Die Novartis-Generikadivision Sandoz ist in Italien in einen Hormon-Skandal involviert. 67 Ärzte aus ganz Italien sind wegen Korruption angeklagt. Bei Sandoz sind die Vorfälle bereits seit Juni 2011 bekannt, wie der Basler Pharmakonzern auf Anfrage sagte.
Sandoz-Mitarbeiter involviert
«Handelszeitung Online» stellte zum Hormon-Skandal mehrere Fragen an Sandoz. Die Antworten kamen nur spärlich - und ausschliesslich über die PR-Agentur Farner.
Bei den Pharmavertretern, die in Italien die Ärzte bestochen haben, handelt es sich um Angestellte der Sandoz. Laut Sandoz habe man sofort nach dem Bekanntwerden der Vorfälle den Behörden die volle Kooperation zugesichert.
Weiter heisst es bei Sandoz wörtlich: «Anfang dieses Jahres hat Sandoz, basierend auf eigenen internen Untersuchungen, die angemessenen Disziplinarmassnahmen gegen involvierte Mitarbeitende eingeleitet, die das Gesetz zulässt.»
Wegen des laufenden Verfahrens will sich die Sandoz im Moment nicht weiter äussern. Sollten jedoch neue Ermittlungsergebnisse vorliegen, will der Pharmakonzern weiter mit den italienischen Behörden zusammenarbeiten.
Der Bestechungs-Skandal
In der Hormon-Affäre sollen Ärzte in Italien von Sandoz-Vertretern bestochen worden sein, damit sie mehr Medikamente verschrieben. Zu den betroffenen Patienten sollen vor allem viele Kinder gehören.
Die Ärzte sollen Kindern viel zu hohe Dosen von Wachstumshormonen oder oder Glycoprotein-Hormone (EPO) verschrieben haben. Dies habe die Gesundheitspolizei N.A.S. Carabinieri in Bologna Ende letzter Woche bekannt gegeben, schreibt die Gratiszeitung «20 Minuten» mit Berufung auf den «Corriere della Sera».

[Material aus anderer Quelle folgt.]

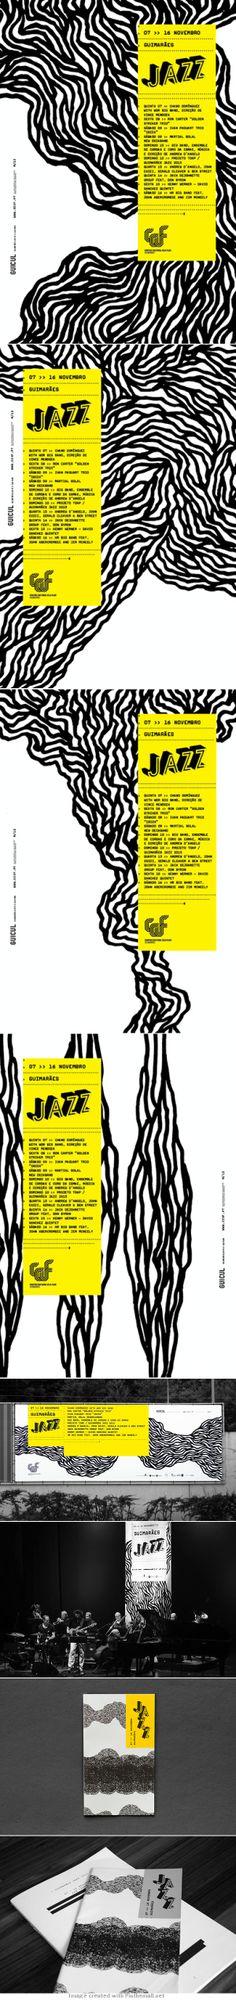 Guimarães Jazz 2013

Gemäss einer Medienmitteilung der N.A.S hätten zwölf Sandoz-Vertreter ein System aufgebaut, um Ärzte zu «belohnen». Dabei hätten Kinderärzte und Endokrinologen (Fachärzte für Hormon- und Stoffwechselstörungen) nicht nur zu hohe Hormon-Dosen verschrieben, sie hätten auch gezielt neue Patienten gesucht, denen sie die Medikamente verschreiben können.
Sportarzt in Rimini verhaftet
Die 67 angeklagten Ärzte sind in öffentlichen und privaten Kliniken in ganz Italien angestellt. Zu deren Arbeitgeber gehören offenbar auch renommierte Spitäler des Mittelmeerlandes. Die Vorwürfe sind happig: Für jeden zusätzlichen Patienten erhielten die Ärzte u.a. einen «Bonus» von 500 bis 1000 Euro. Mit Hausdurchsuchungen an 77 Orten überprüften die Behörden derzeit, ob die Wachstumshormone oder das EPO den Patienten überhaupt verschrieben werden durften. Klar sei bereits jetzt: Die Dosen, die einige Kinder und Jugendliche erhielten, lagen deutlich über den Empfehlungen.
Alberto Ugazio, Präsident der italienischen Gesellschaft für Kinderheilkunde sagte im «Corriere della Sera», er sei bestürzt über die Vorwürfe. Gleichzeitig kritisiert er grundsätzlich die Behandlung mit Wachstumshormonen, die stark zugenommen habe. «Eigentlich muss nur Kleinwuchs, eine seltene Krankheit, mit Wachstumshormonen behandelt werden», so der Kinderarzt. Dennoch würden die Hormone in grosser Menge eingenommen, weil Amateursportler sie verwenden, um ihre Leistung zu steigern. In Italien dürfen diese Hormone gemäss Ugazio nur auf Rezept verkauft werden.
Eingeleitet wurden die Untersuchungen der Gesundheitspolizei offenbar, nachdem vor mehr als einem Jahr in Rimini ein Sportarzt verhaftet wurde, der diese Hormone Kindern und Jugendlichen verschrieb. Gemäss «La Repubblica» brachten die Eltern ihre Kinder zum Arzt, damit diese hochgesteckte sportliche Leistungen erreichen.